I don’t have any strong feelings about other people’s babies. I’m one of those people whose maternal instincts only kicked in with my own kids; they’re not generalised. I’ll happily hold other babies, but I don’t have any deep craving to (which means I’ve sometimes forgotten to offer someone a baby cuddle when it would have been appropriate, because it didn’t occur to me that they might really want one). I don’t get the big deal either way. Hold the baby or don’t.
The one time I’ve strongly wanted to NOT hold a baby was when I called round to meet the neighbour’s premature twins, and they passed me the smaller one to hold. She was fast asleep and tiny. I was terrified she was going to stop breathing and I wouldn’t even notice.
So last night we were having dinner at a restaurant. There was a family in a booth with a baby who shat his diaper. No big deal, shit happens. But the odor was immediately alarming. Diners looked about, making eye contact with other diners, signaling their concerns. My eyes were watering and I wondered wether it would be appropriate to alert CYS. :eek:
Sorry !!! I likes yas too.
Couple of comments up there to respond to. We are humans. We are animals. We cuddle and hold and kiss our young. Some of us are comfortable delivering that level of intimate comfort to the young of others. That’s nice. Some of us are not comfortable with that idea, and that’s nice too. Alla those Judgey McJudgersons out there can go suck eggs. Nobody should be forced to hold an infant or excoriated for not wanting to do so.
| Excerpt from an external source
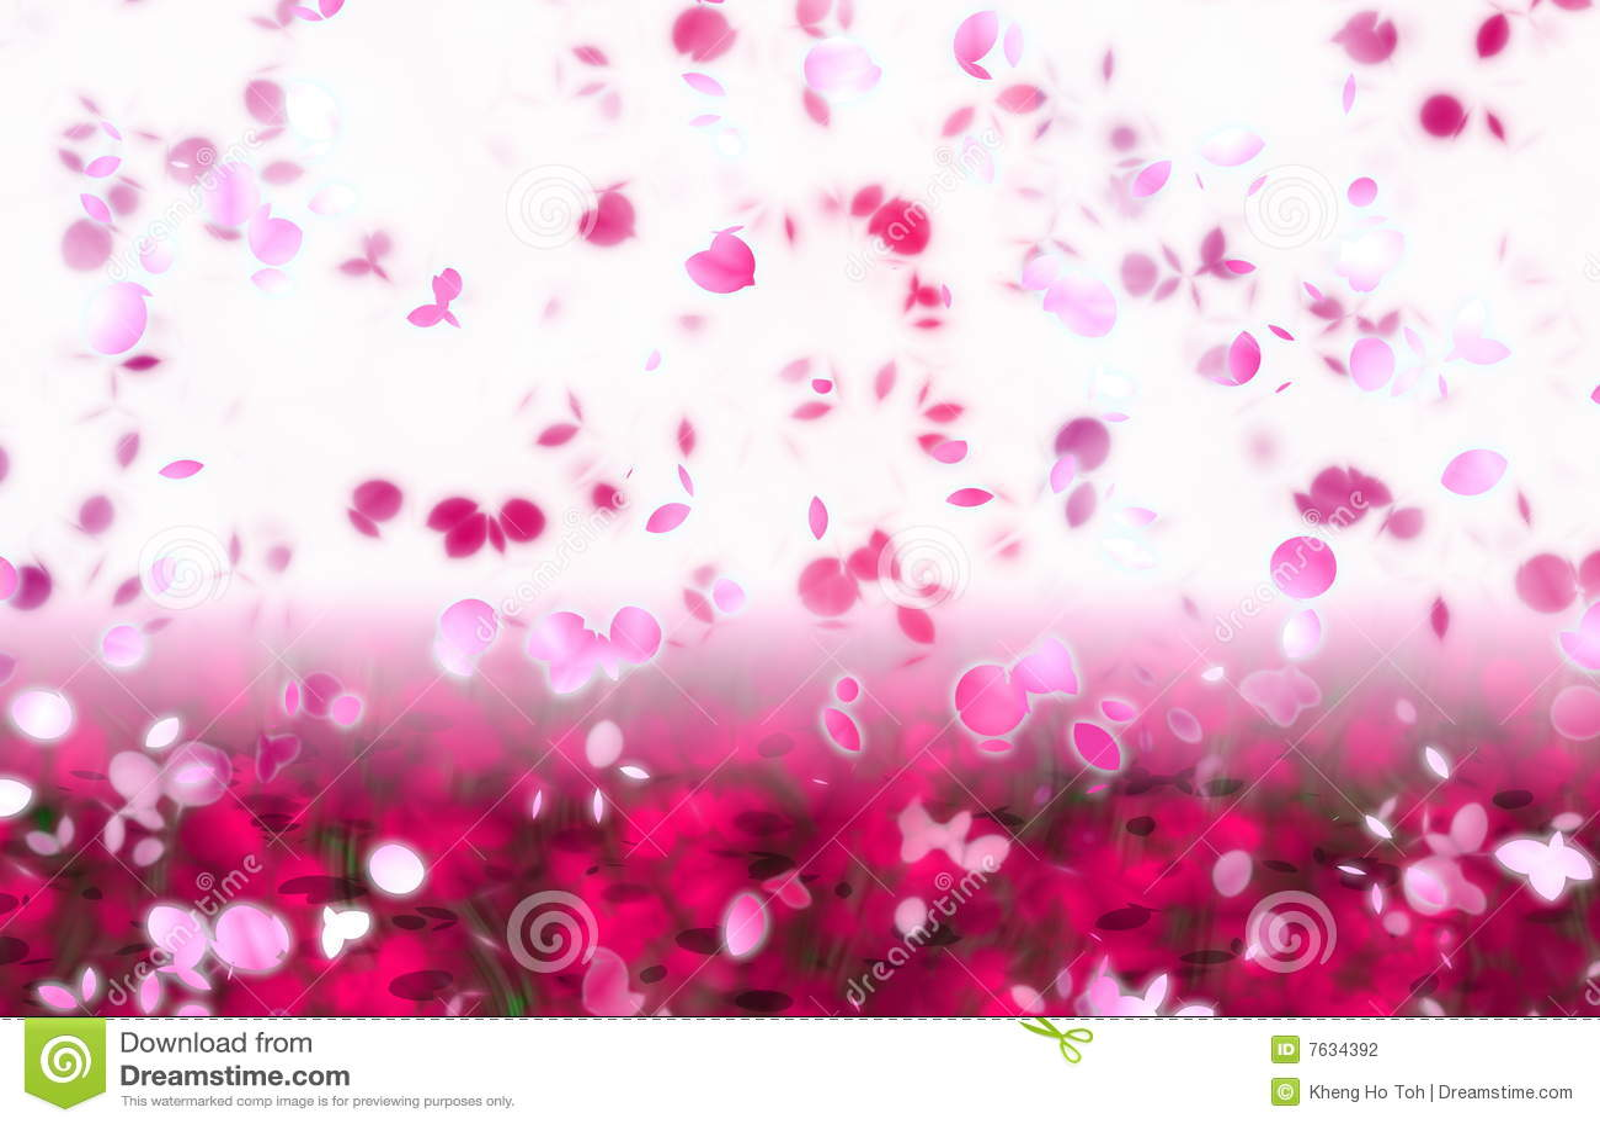 Falling Cherry Blossoms Wallpaper Sakura Snowfall Petals Abstract Background Stock

This has nothing to do with pedophelia and frankly it says a lot more about the people who throw that label around than it does about the people who are perfectly happy bathing a naked infant. Please. :rolleyes:
As for the mustard comment, well. I love me some Goulden’s Spicy Brown. Due to the years of Pediatric candystriping, by the time my son arrived and I was 28, I had already changed hundreds of different babies’ diapers. Meh. Poop is poop and Goulden’s is Goulden’s.
Inconsiderate of the parents not to tend that particular shitbomb right away. You mighta caught a whiff a moment before they did, but as soon as they did, it was kind of incumbent upon parents to whisk the kid away to change them.
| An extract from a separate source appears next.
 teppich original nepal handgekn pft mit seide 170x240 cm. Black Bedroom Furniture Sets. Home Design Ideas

Fortunately, Men’s rooms as well as Women’s rooms mostly come with a fold-down baby changing table. Which I always always always would wipe down really thoroughly before laying my kid down on it to change them. Talk about your fecal-oral route. :eek:
Actually, the family was changing the diaper. At the table. Another discussion altogether. I have two grown kids and many nieces/nephews, but I’ve never witnessed an infant creating such a foul load. Made me wonder if Alan Funt was a member of the family. It was the sort of thing they would close down a Bus Station’s restroom over. And this morning I’m certain all those present are marveling over the event.